Моряна разгулялась в эту ночь буйно и грозно: дребезжали окна от ударов, дрожали стены, вопила печная труба и где-то близко выли стаи волков. Мне чудилось, что они окружили нашу казарму и царапались лапами в дверь и в стены. Но люди спали крепко, храпели на всех нарах и невнятно бормотали во сне. Спала и мать. Наташа лежала рядом, и я не слышал даже её дыхания. Но проснулся я от жуткого воя волков и долго не мог успокоиться. Кряхтел и стонал Гордей: должно быть, нога у него болела нестерпимо. Олёна тоже стонала, и стоны её были похожи на рыданье. Наташа села на своей постельке, и в мутном мерцании привёрнутой лампы я видел, как она, опираясь локтями о колени, обхватила растрёпанную голову ладонями и закачалась из стороны в сторону. Мне стало страшно: на нарах вверху и внизу, в грязных ворохах дерюг, одеялок и разного тряпья, лежали люди. Было душно, болела голова, и дурманный смрад, густой и вязкий, судорожно сжимал горло.

Я подполз к Наташе и схватил её за руку.

— Не надо, Наташа, не качайся!

Она повернула ко мне лицо и спокойно, дружелюбно прошептала:

— Не спишь? И я не сплю. А чего бы тебе не спать-то? В твои годы ребятишки крепко спят.

— Я от волков проснулся: слышишь, как воют? Они, должно, на дворе и перед окошками.

— Не волки страшны, Федя, а люди.

— Я знаю.

— Ничего ты не знаешь: ты ещё невыросток. Откуда тебе знать-то?

— Аль я слепой? И в селе у нас, и здесь, на ватаге, — все люди перед глазами. Ты думаешь, я не понимаю? Я всё чую. Я и сам, чай, много помаялся.

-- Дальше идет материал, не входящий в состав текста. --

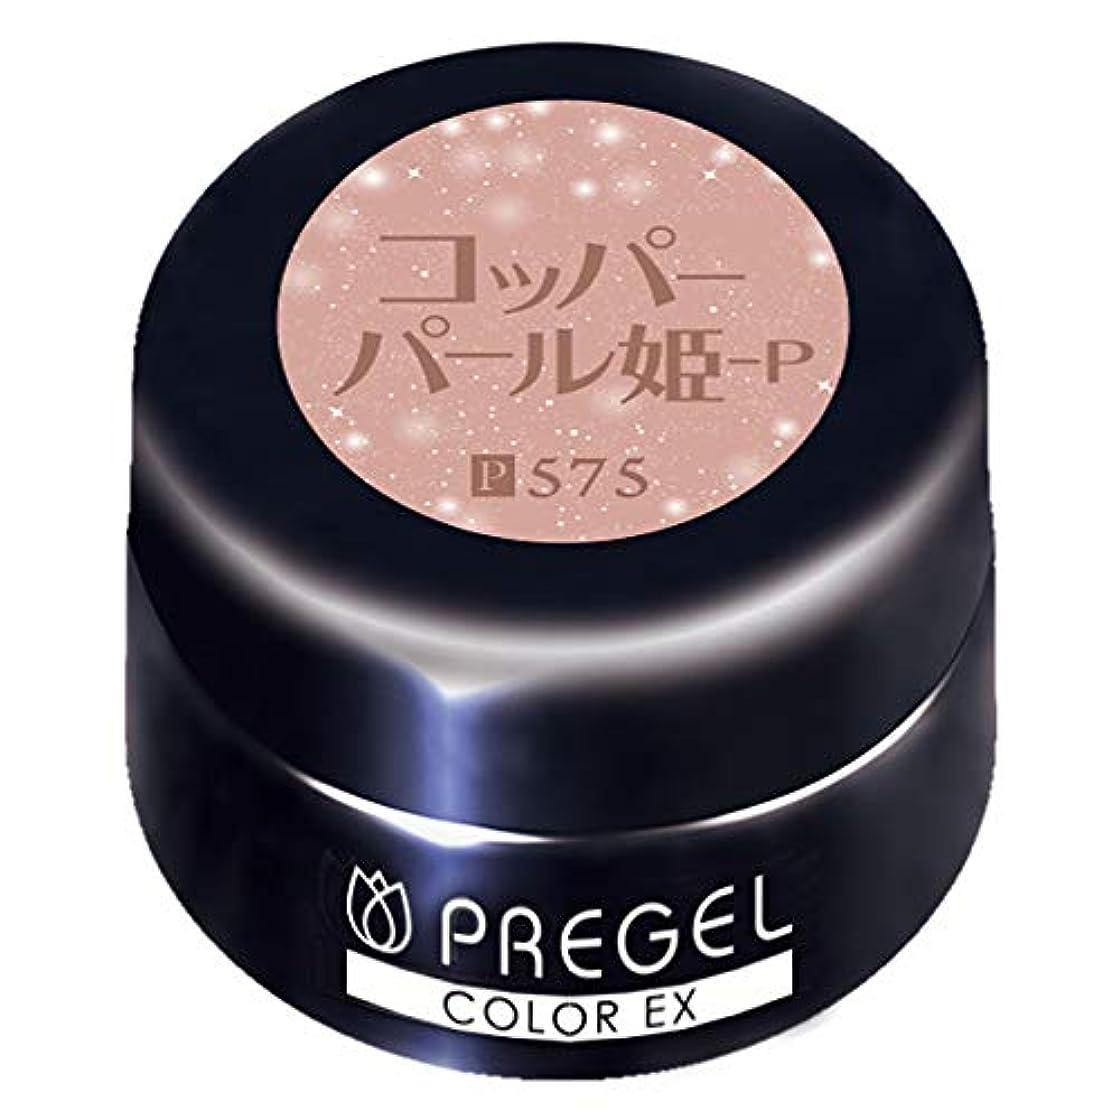 リースバンドルふさわしいPRE GEL カラージェル カラーEX コッパーパール姫-P 3g PG-CE575 UV/LED対応
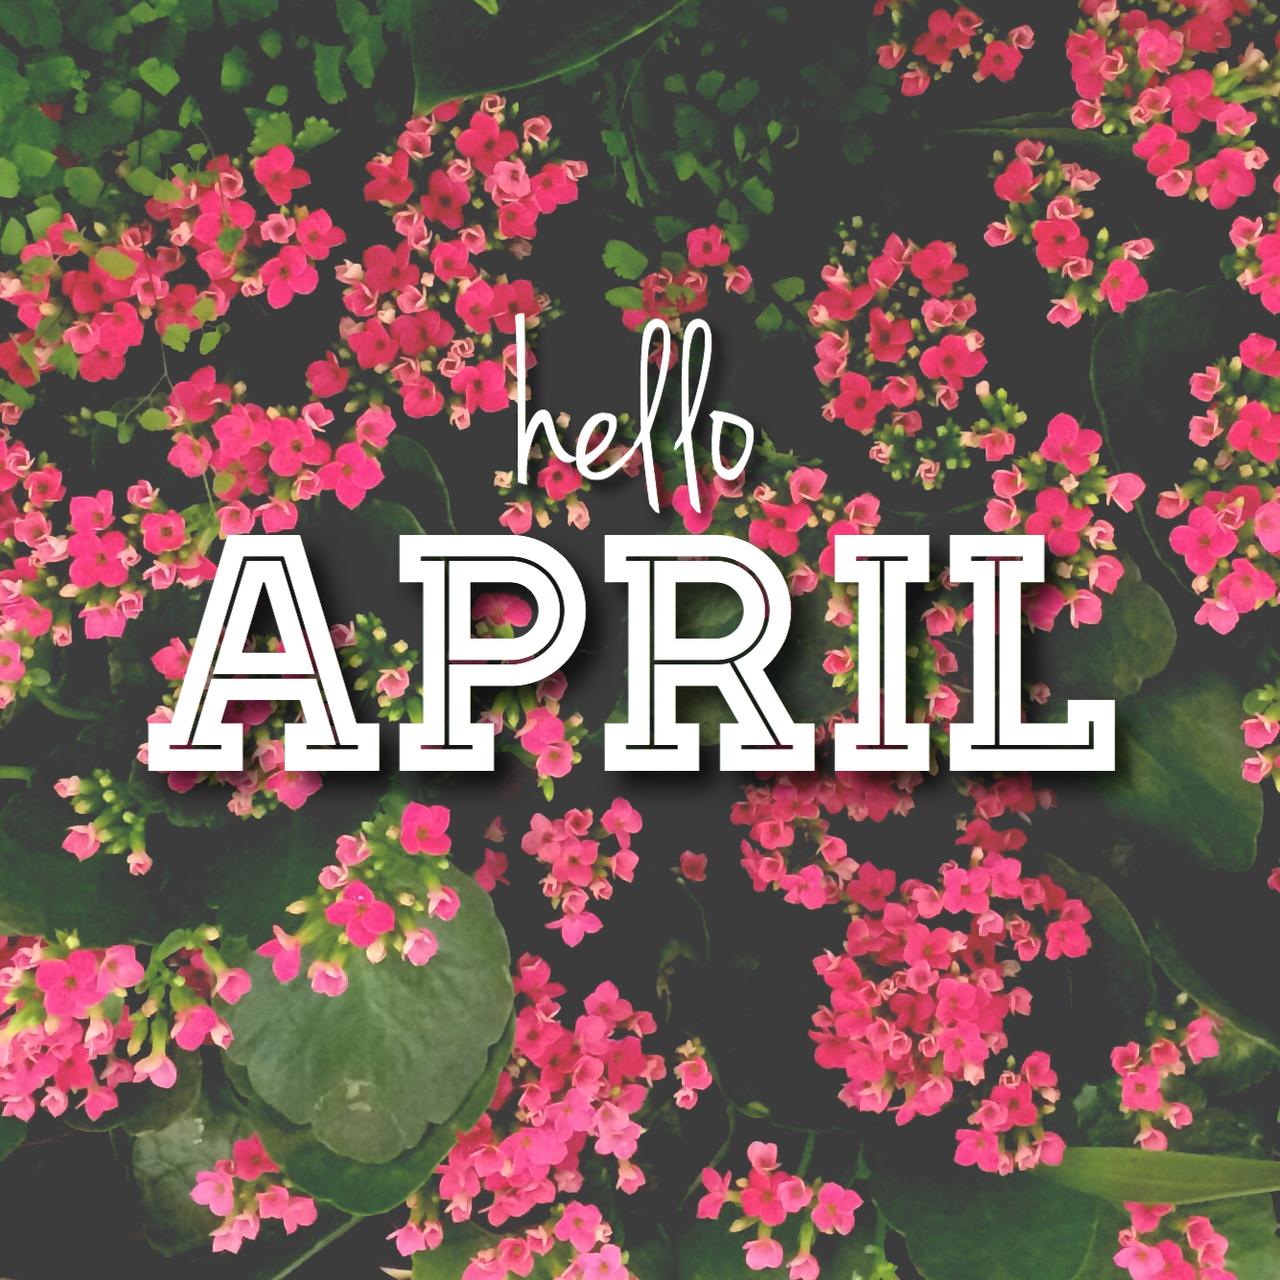 Красивые картинки с надписью апрель, открытки днем

Она тихо засмеялась и обняла меня.

— Чудной ты какой-то! Сам с вершок, а слова с горшок.

Около неё мне было приятно: в ней чувствовал я доброе сердце, умную опытность и неподатливую силу. С женщинами в казарме и на плоту она не дружила, сторонилась всех, словно никому из них не доверяла и не уважала никого. Даже с Прасковеей и Гришей держалась с молчаливой насторожённостью, а к матери относилась, как к безобидной простушке. Но меня она любила: я видел это по её глазам и по приветливой, хоть и скупой, улыбке. Очень внимательно присматривалась она и к Феклушке. А один раз, в воскресенье, когда кузнечиха ушла с Улитой в церковь, она долго сидела у девочки, и они о чём-то шептались, не отрываясь друг от друга. Потом она уже каждый вечер подходила к ней, не обращая внимания на отца и мать, совала ей что-то в худенькие ручки, медленно склоняясь над её головой. Отходила она от неё растроганная, с гневными глазами.

— Люди и собак холят, — бормотала она, легко вскакивая на свои нары, несмотря на свою массивность, — а тут своего ребёнка затоптали.

Я видел, что она с любопытством прислушивалась и приглядывалась к людям. Хотя попрежнему она была молчалива, но скупая и удивлённая улыбка вздрагивала на её лице. И ещё одно я почувствовал: она привязалась ко мне и стала говорить со мною, как со взрослым, в такие моменты, когда нас никто не слышал.

Вот и в этот ночной, волчий час Наташа прижимала меня к себе своей тяжёлой рукой, и мне казалось, что ей тоже жутко, как и мне.

— Вольницей нас зовут, — шептала она насмешливо. — А мы — как арестанты. Забросили нас в пески, в дикое место, где и не растёт-то ничего, загнали в бараки, как скот, запрягли в работищу, и живём мы под палкой, в голоде, в болезнях. Вот тебе и вольница! У нашей воли много горькой соли. И все — беззащитные. Даже ты, недоросток, не спишь по ночам, маешься. И Феклушка вон, как старушка. Вам играть бы надо, звенеть бы своими ребячьими годочками, а вы в большие тянетесь.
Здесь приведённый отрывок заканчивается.